◆ What you will do: Begin at the line that contains "540 Titanium Micro" and reproduce it along with every line after it to the end of the listing; skip any pictures.

◆ Data segment:

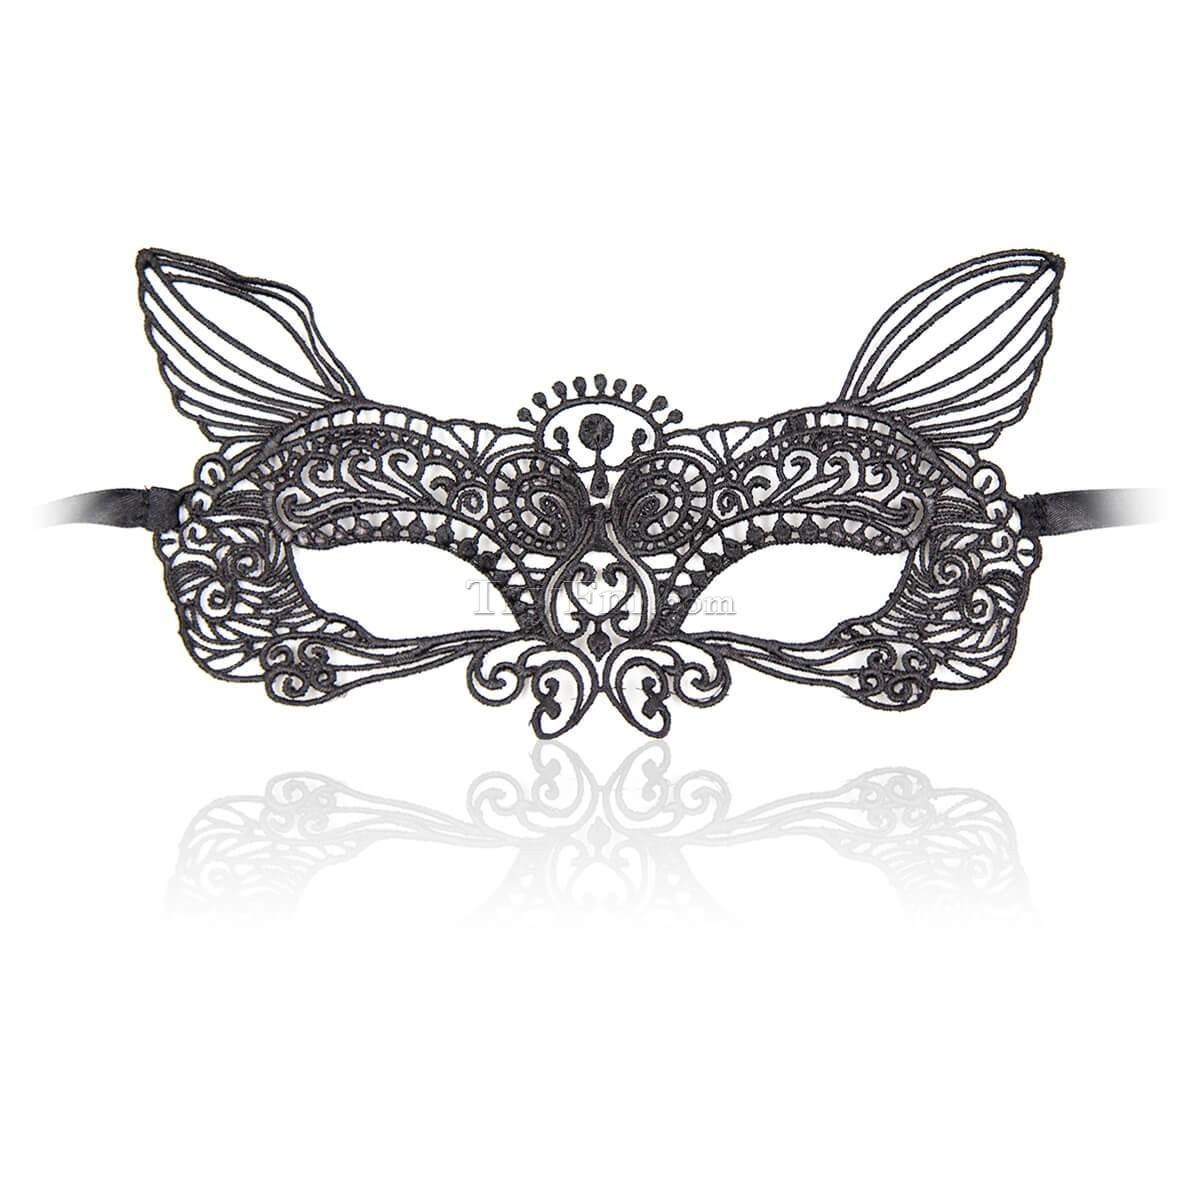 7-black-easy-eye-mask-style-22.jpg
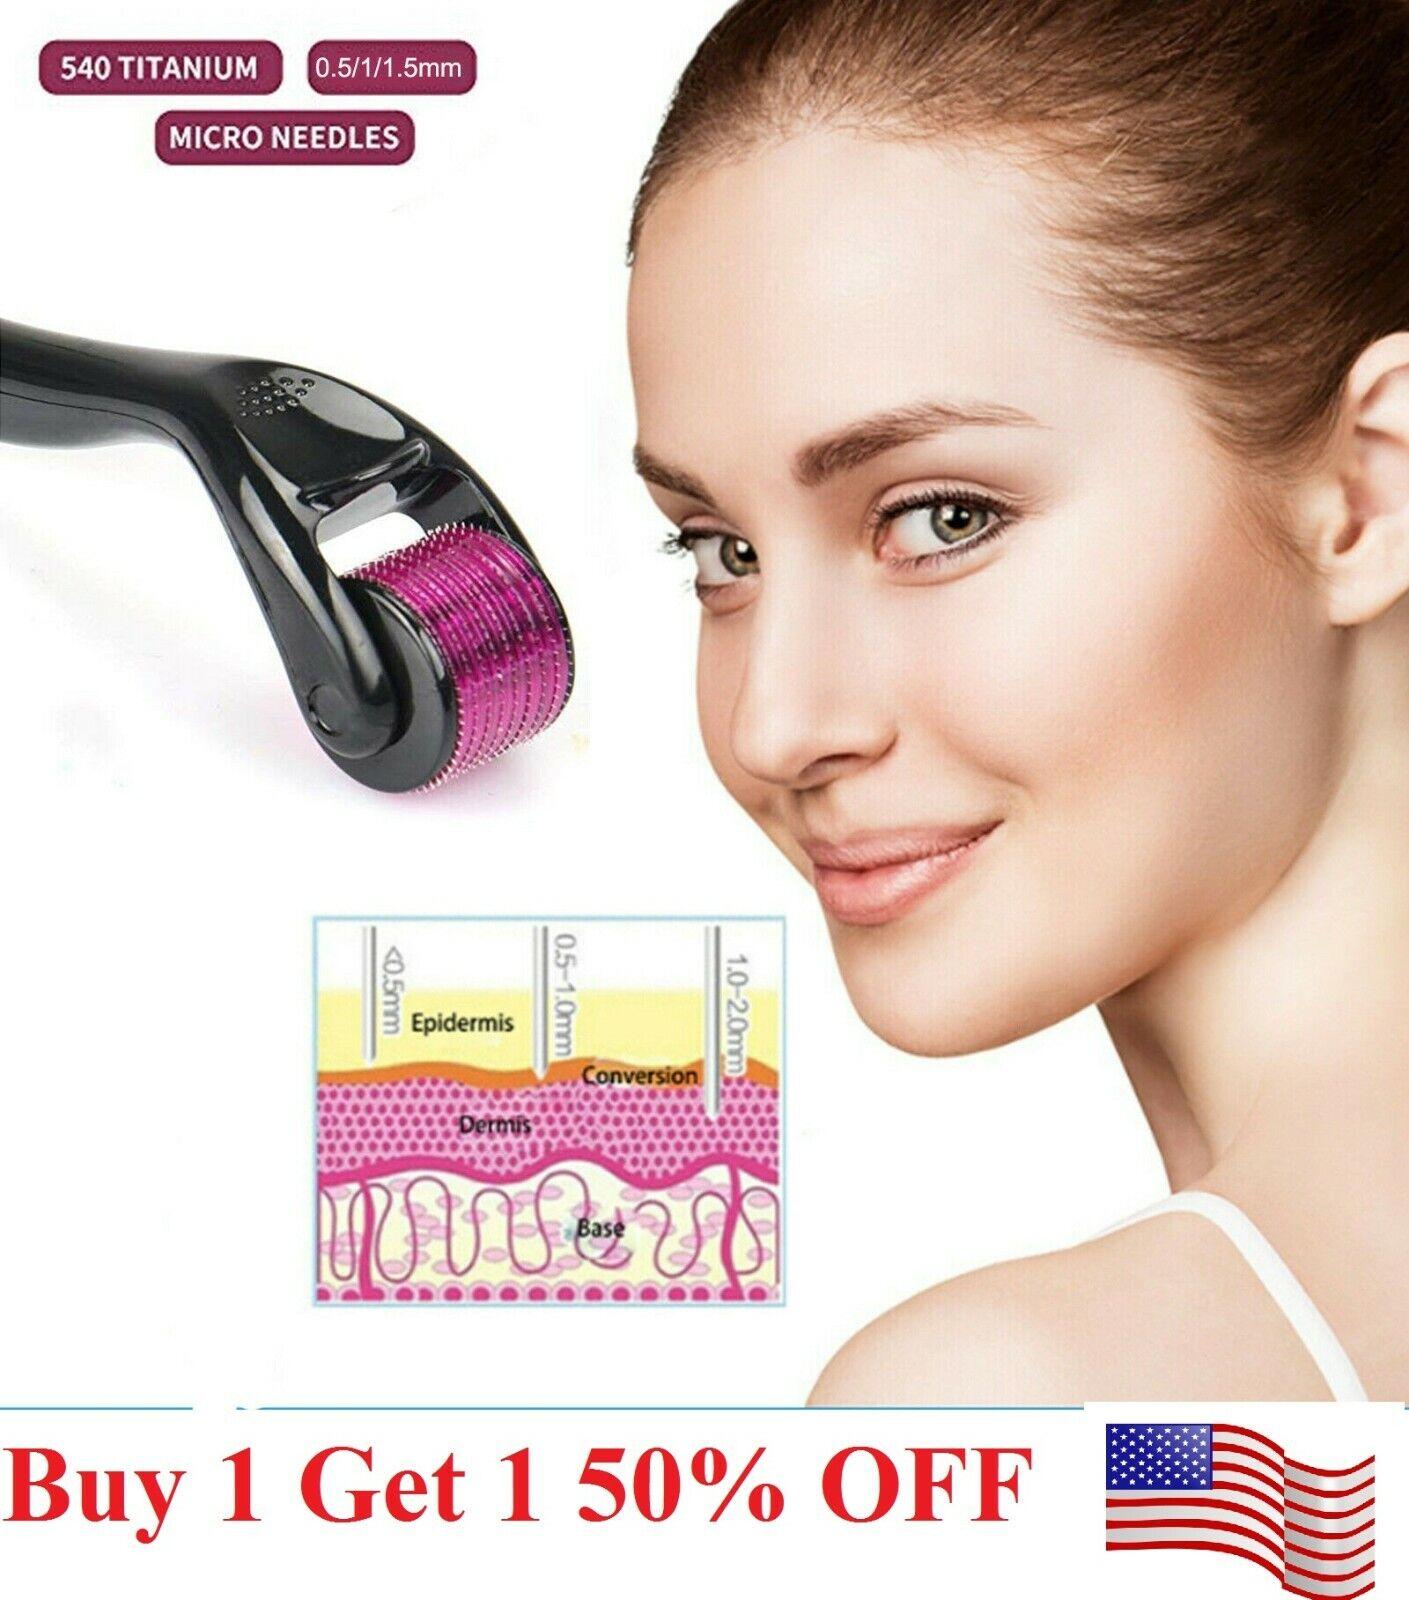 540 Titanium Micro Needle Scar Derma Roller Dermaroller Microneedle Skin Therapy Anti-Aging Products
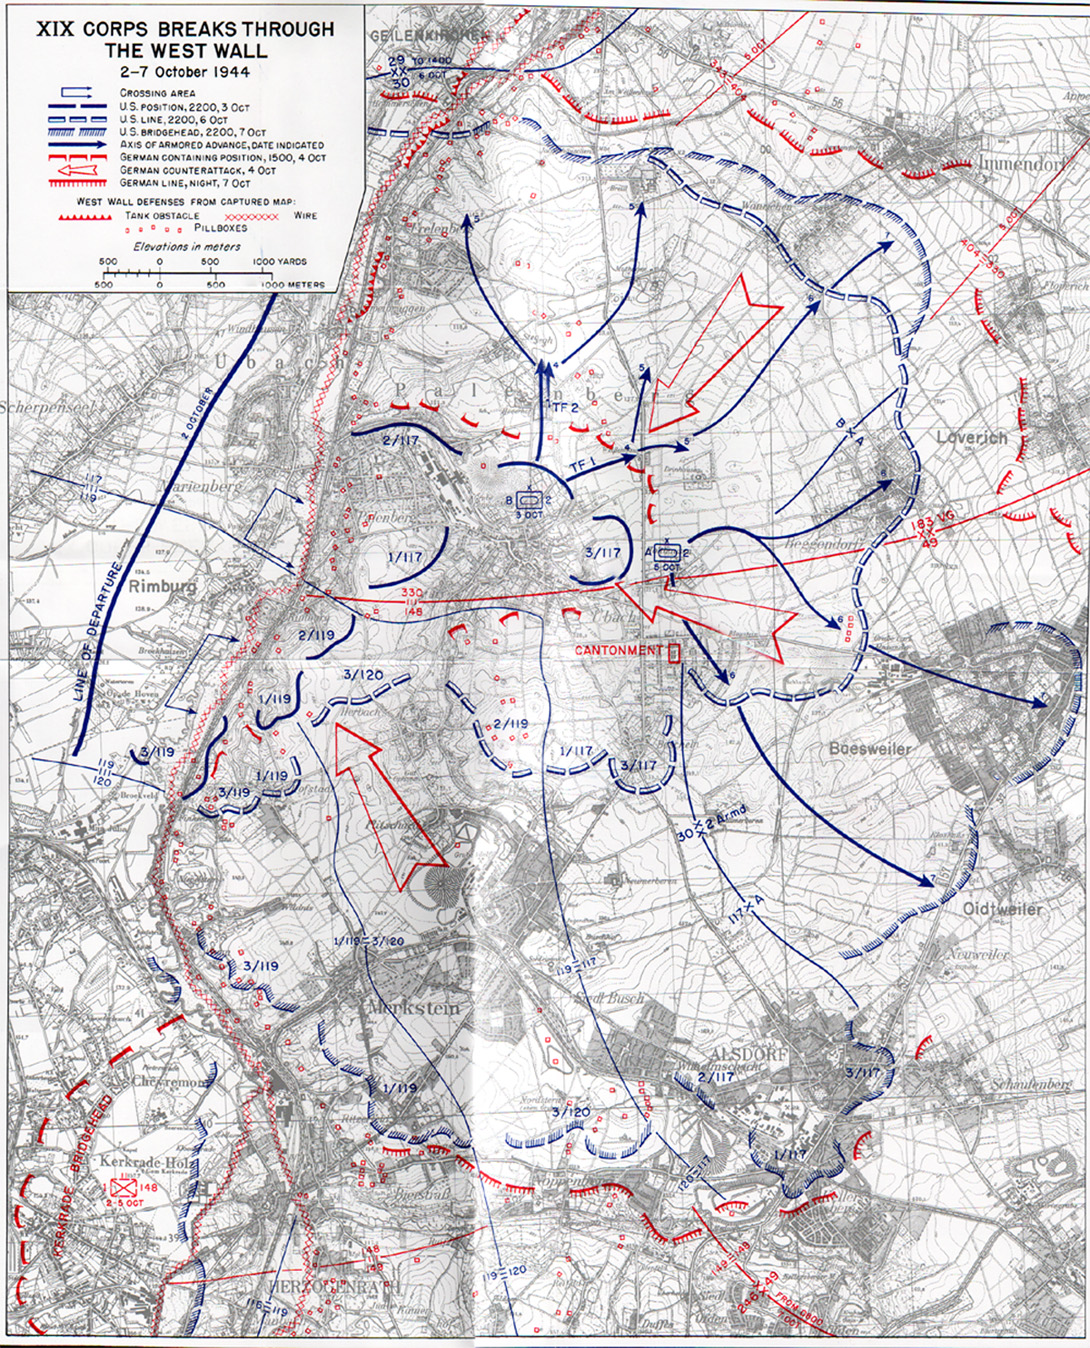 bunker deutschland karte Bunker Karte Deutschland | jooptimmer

◆ Reply to the task:
 540 Titanium Micro Needle Scar Derma Roller Dermaroller Microneedle Skin Therapy Anti-Aging Products
 bunker deutschland karte Bunker Karte Deutschland | jooptimmer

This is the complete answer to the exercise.